- _Exercise data_
_ _ _

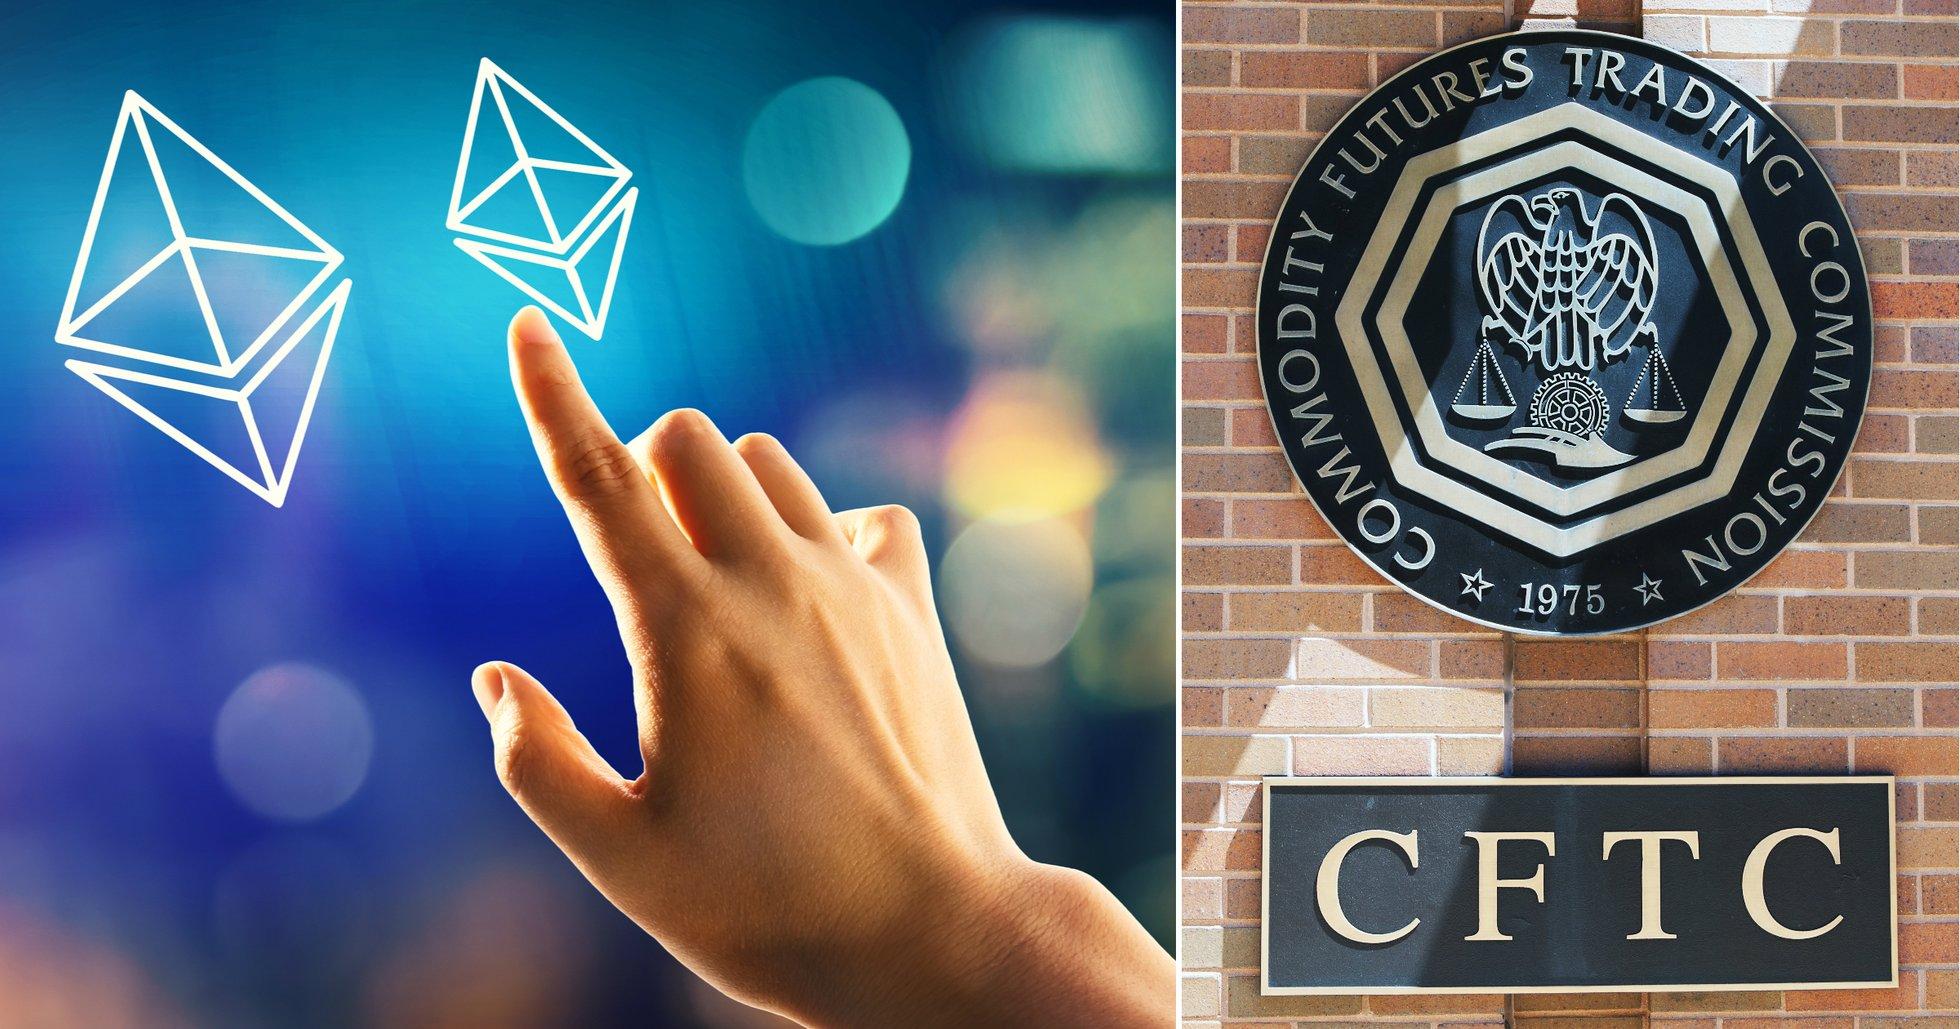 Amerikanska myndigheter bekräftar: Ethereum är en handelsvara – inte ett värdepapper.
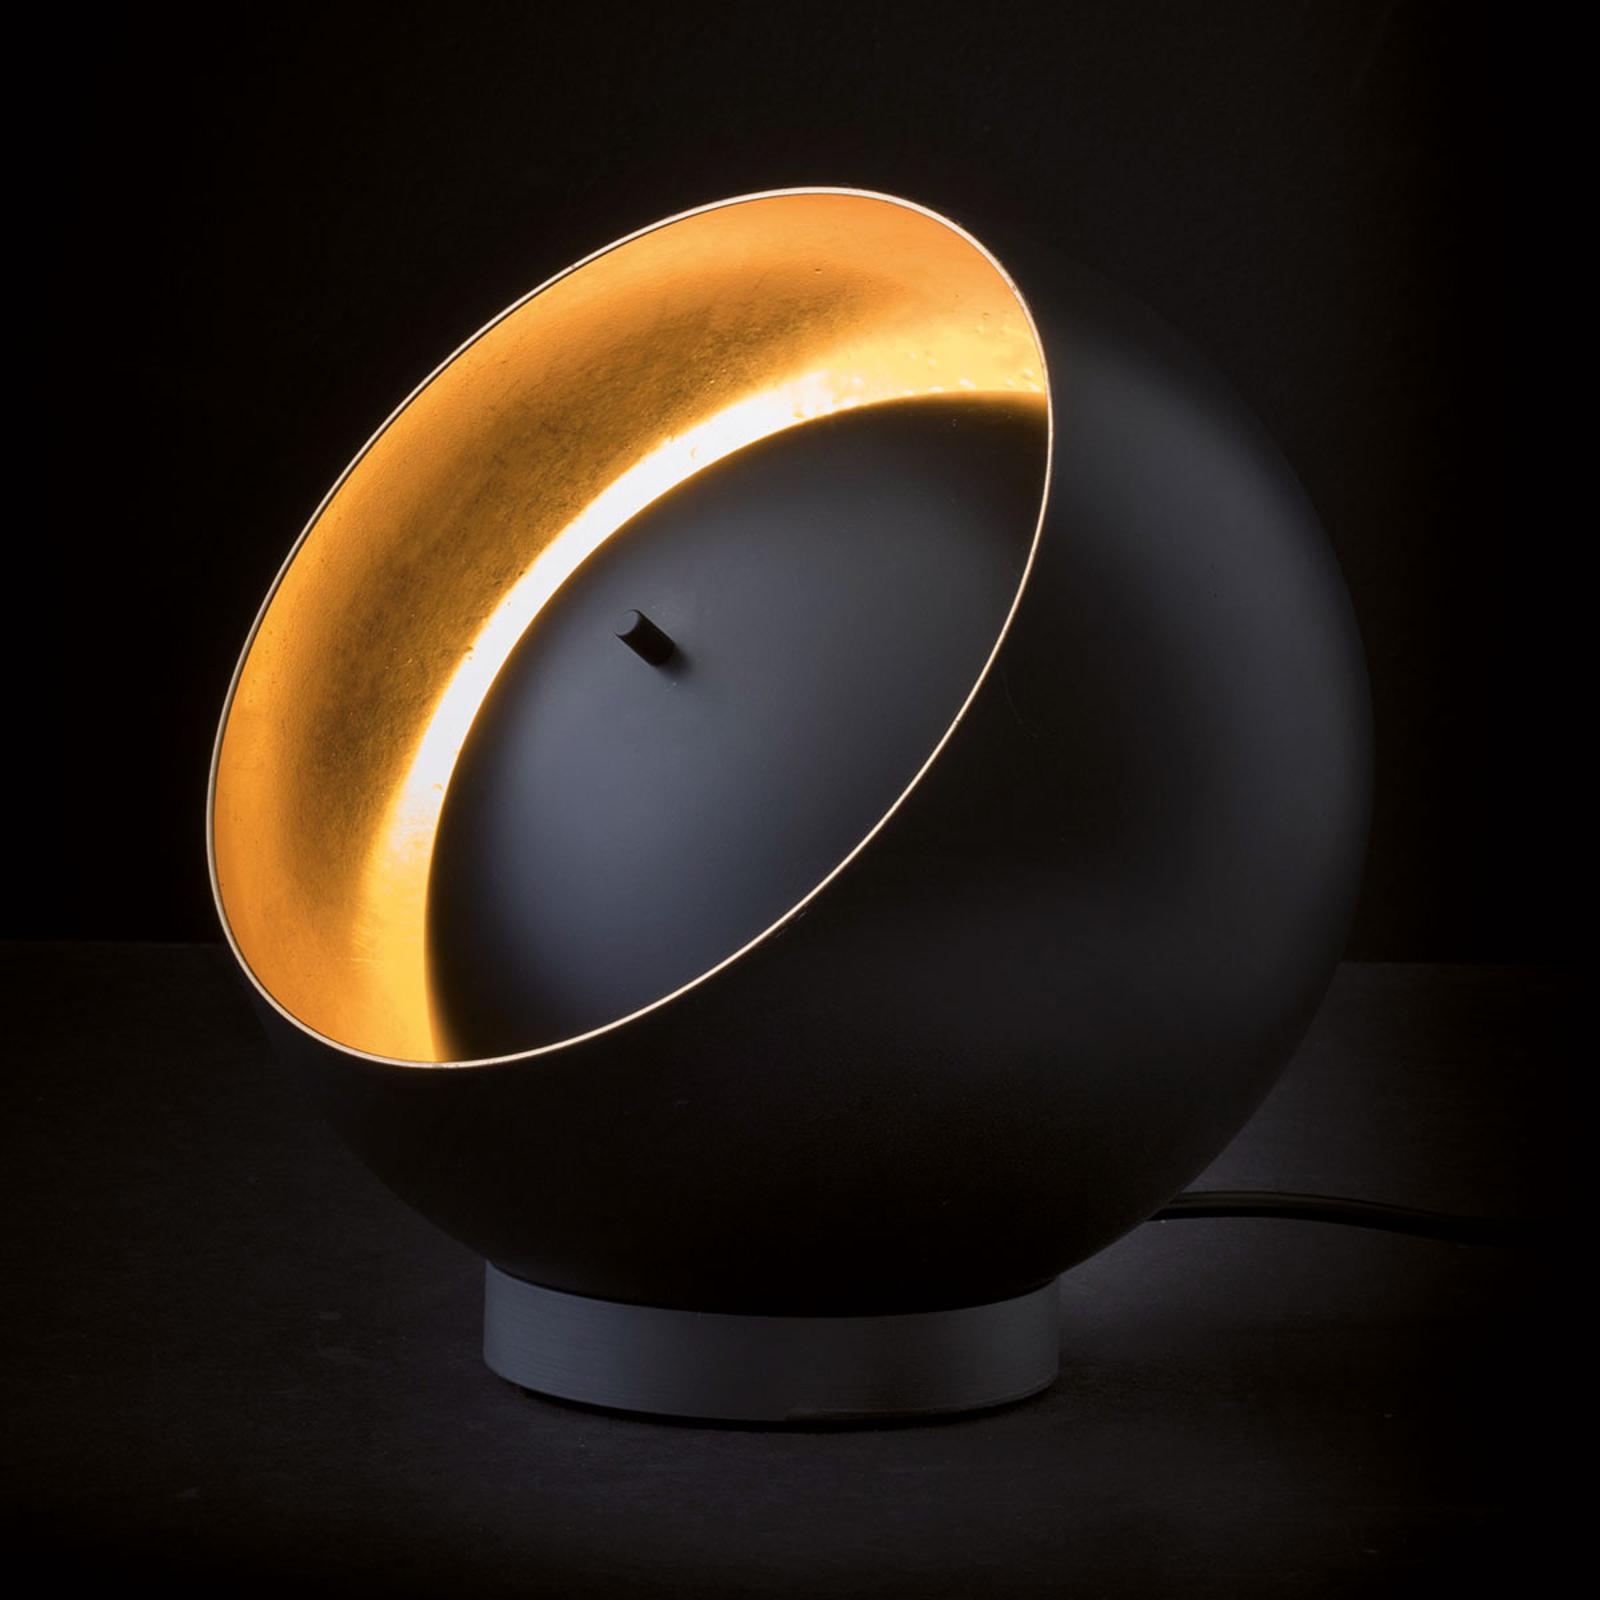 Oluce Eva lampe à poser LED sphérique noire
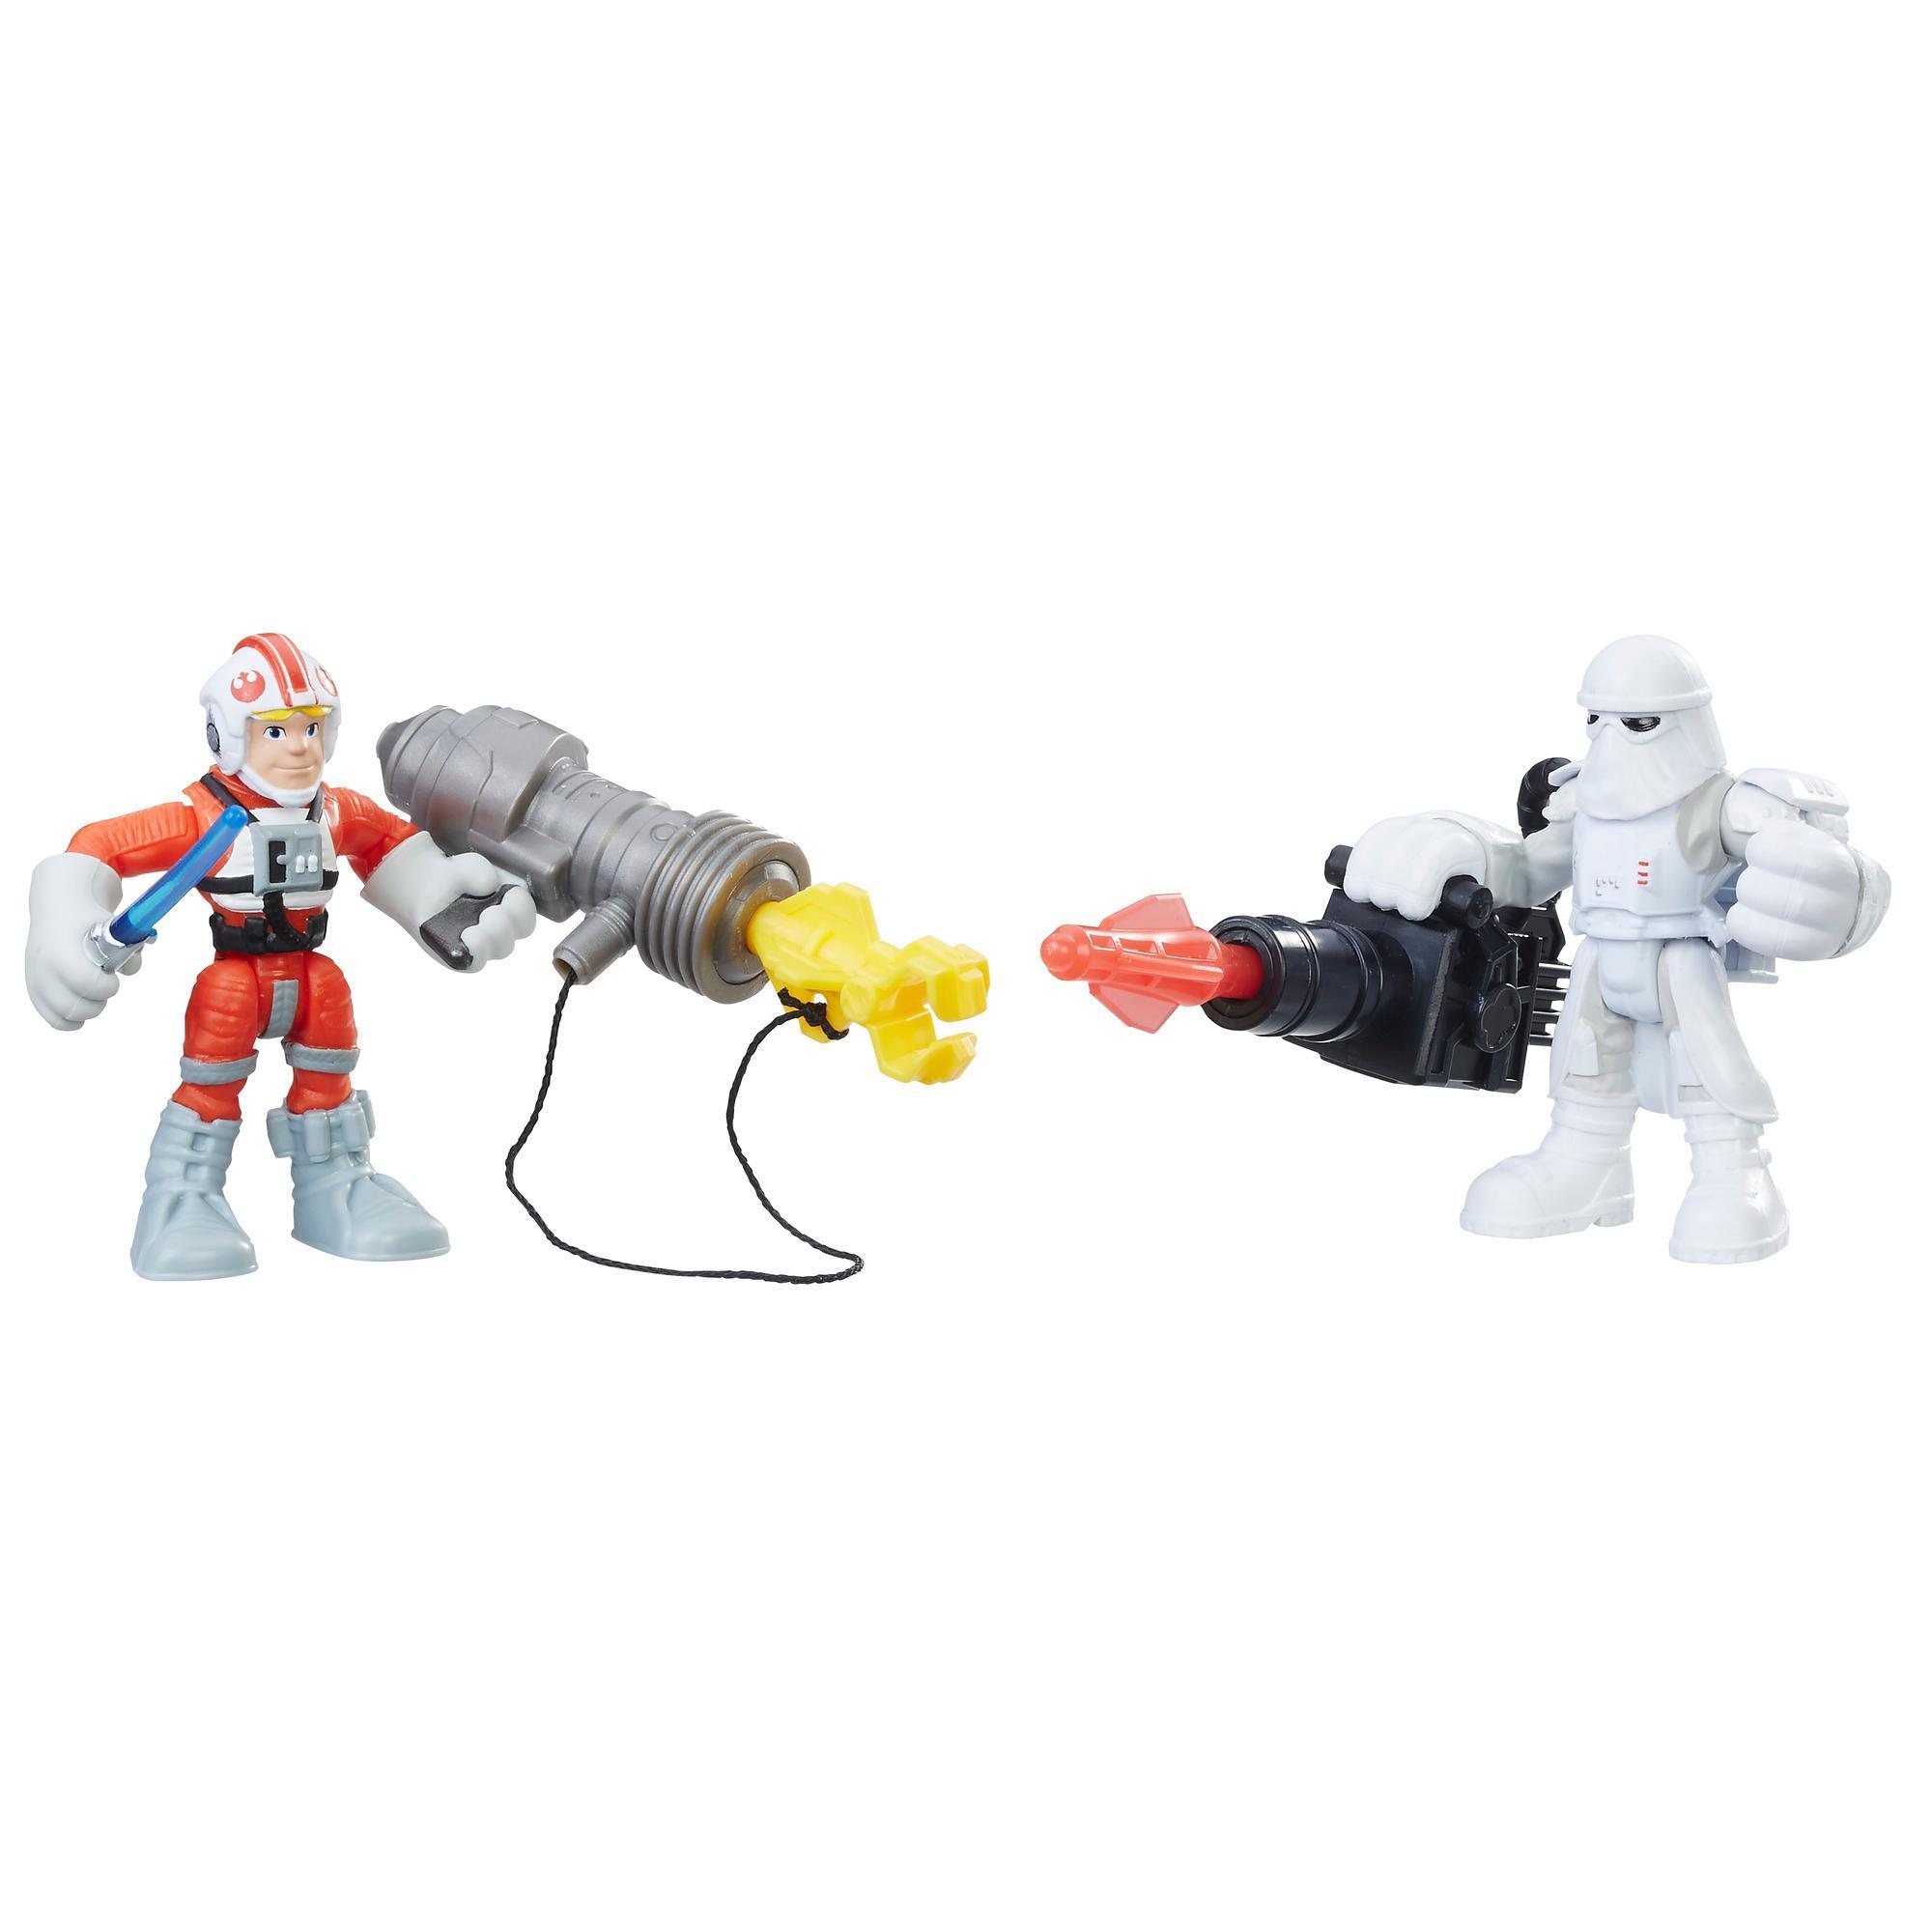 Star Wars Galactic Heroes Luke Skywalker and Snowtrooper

_ _ _

- _What to produce_
Please set down the whole listing exactly, apart from the pictures.

- _Result of the task_
 Amerikanska myndigheter bekräftar: Ethereum är en handelsvara – inte ett värdepapper.
 Oluce Eva lampe à poser LED sphérique noire
 Star Wars Galactic Heroes Luke Skywalker and Snowtrooper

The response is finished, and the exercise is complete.